Solve x/3+y/2=4 2/3x-y/6=1 by elemenation method

Answer 1

★ Solution :-

$\sf \leadsto \dfrac{x}{3} + \dfrac{y}{2} = 4 \: \: - - - (i)$

$\sf \leadsto \dfrac{2}{3}x + \dfrac{y}{6} = 1 \: \: - - - (ii)$

Now, by multiplying the first equation by 1/3.

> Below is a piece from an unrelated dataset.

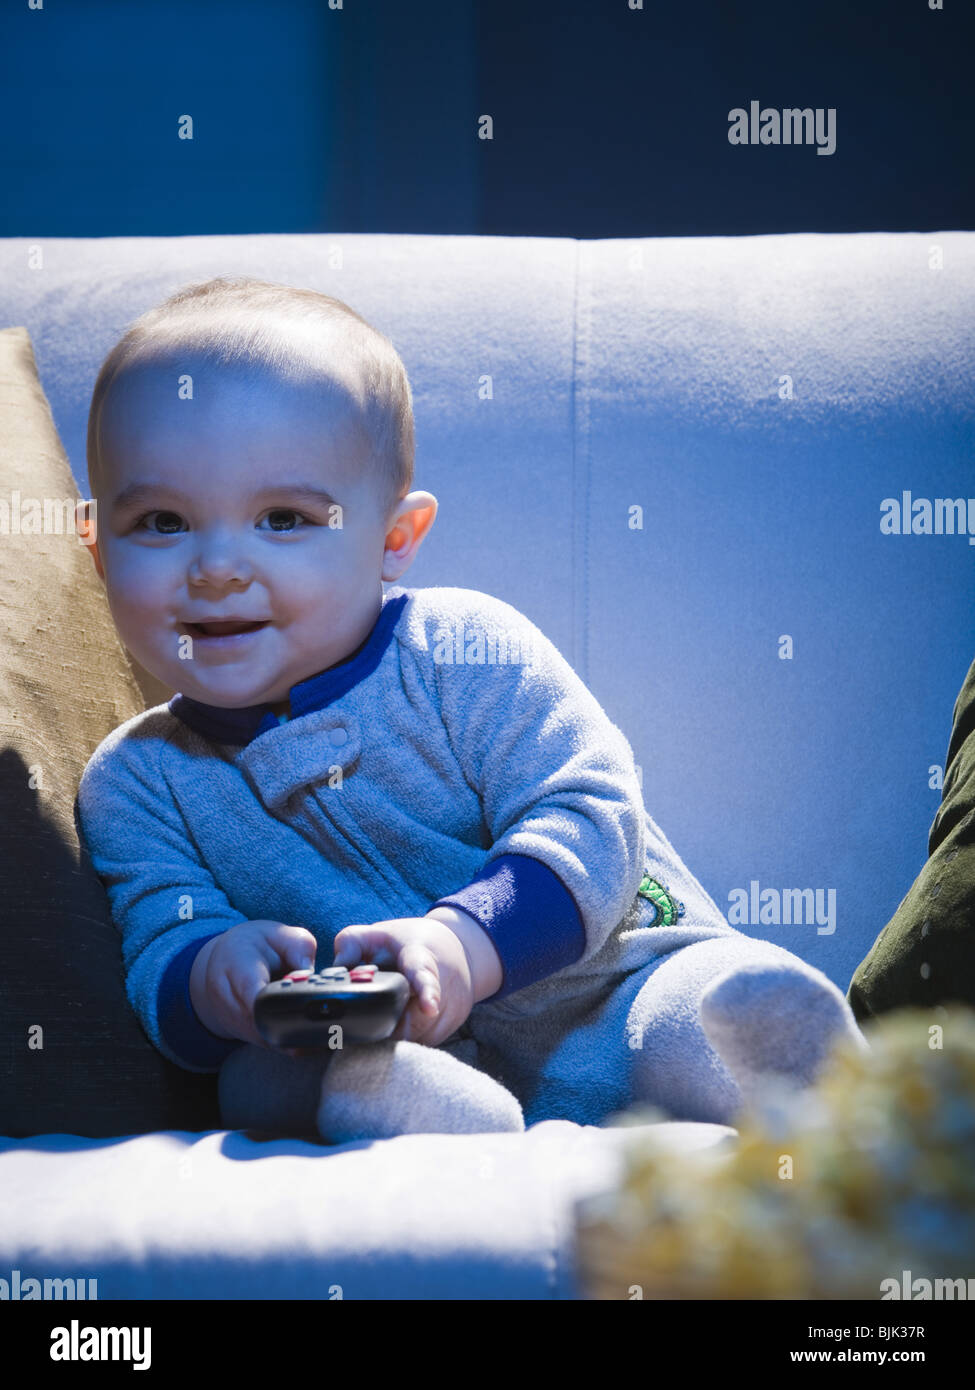 Baby on sofa with television remote smiling Stock Photo

$\sf \leadsto \dfrac{1}{3} \bigg( \dfrac{x}{3} + \dfrac{y}{2} = 4 \bigg)$

$\sf \leadsto \dfrac{x}{9} + \dfrac{y}{6} = \dfrac{4}{3}$

Now, by subtracting both the equations,

$\sf \: \: \: \: \: \dfrac{x}{9} + \dfrac{y}{6} = \dfrac{4}{3} \\ \sf - \: \dfrac{2x}{3} + \frac{y}{6} = 1$

$\sf \leadsto \dfrac{ - 5x}{9} + 0 = \dfrac{1}{3}$

$\sf \leadsto \dfrac{ - 5x}{9} = \dfrac{1}{3}$

$\sf \leadsto 3( - 5x) = 9(1)$

$\sf \leadsto - 15x = 9$

$\sf \leadsto x = \dfrac{9}{ - 15}$

$\sf \leadsto x = \dfrac{ - 3}{5}$

Now, by first equation,

$\sf \leadsto \dfrac{x}{3} + \dfrac{y}{2} = 4$

$\sf \leadsto \dfrac{\dfrac{ - 3}{5}}{3} + \dfrac{y}{2} = 4$

$\sf \leadsto \dfrac{ - 1}{5} + \dfrac{y}{2} = 4$

$\sf \leadsto \dfrac{ - 2 + 5y}{5} = 4$

$\sf \leadsto - 2 + 5y = 4(5)$

$\sf \leadsto - 2 + 5y = 20$

$\sf \leadsto 5y = 20 + 2$

$\sf \leadsto 5y = 22$

$\sf \leadsto y = \dfrac{22}{5}$

Therefore, the values of x and y are -3/5 and 22/5 respectively.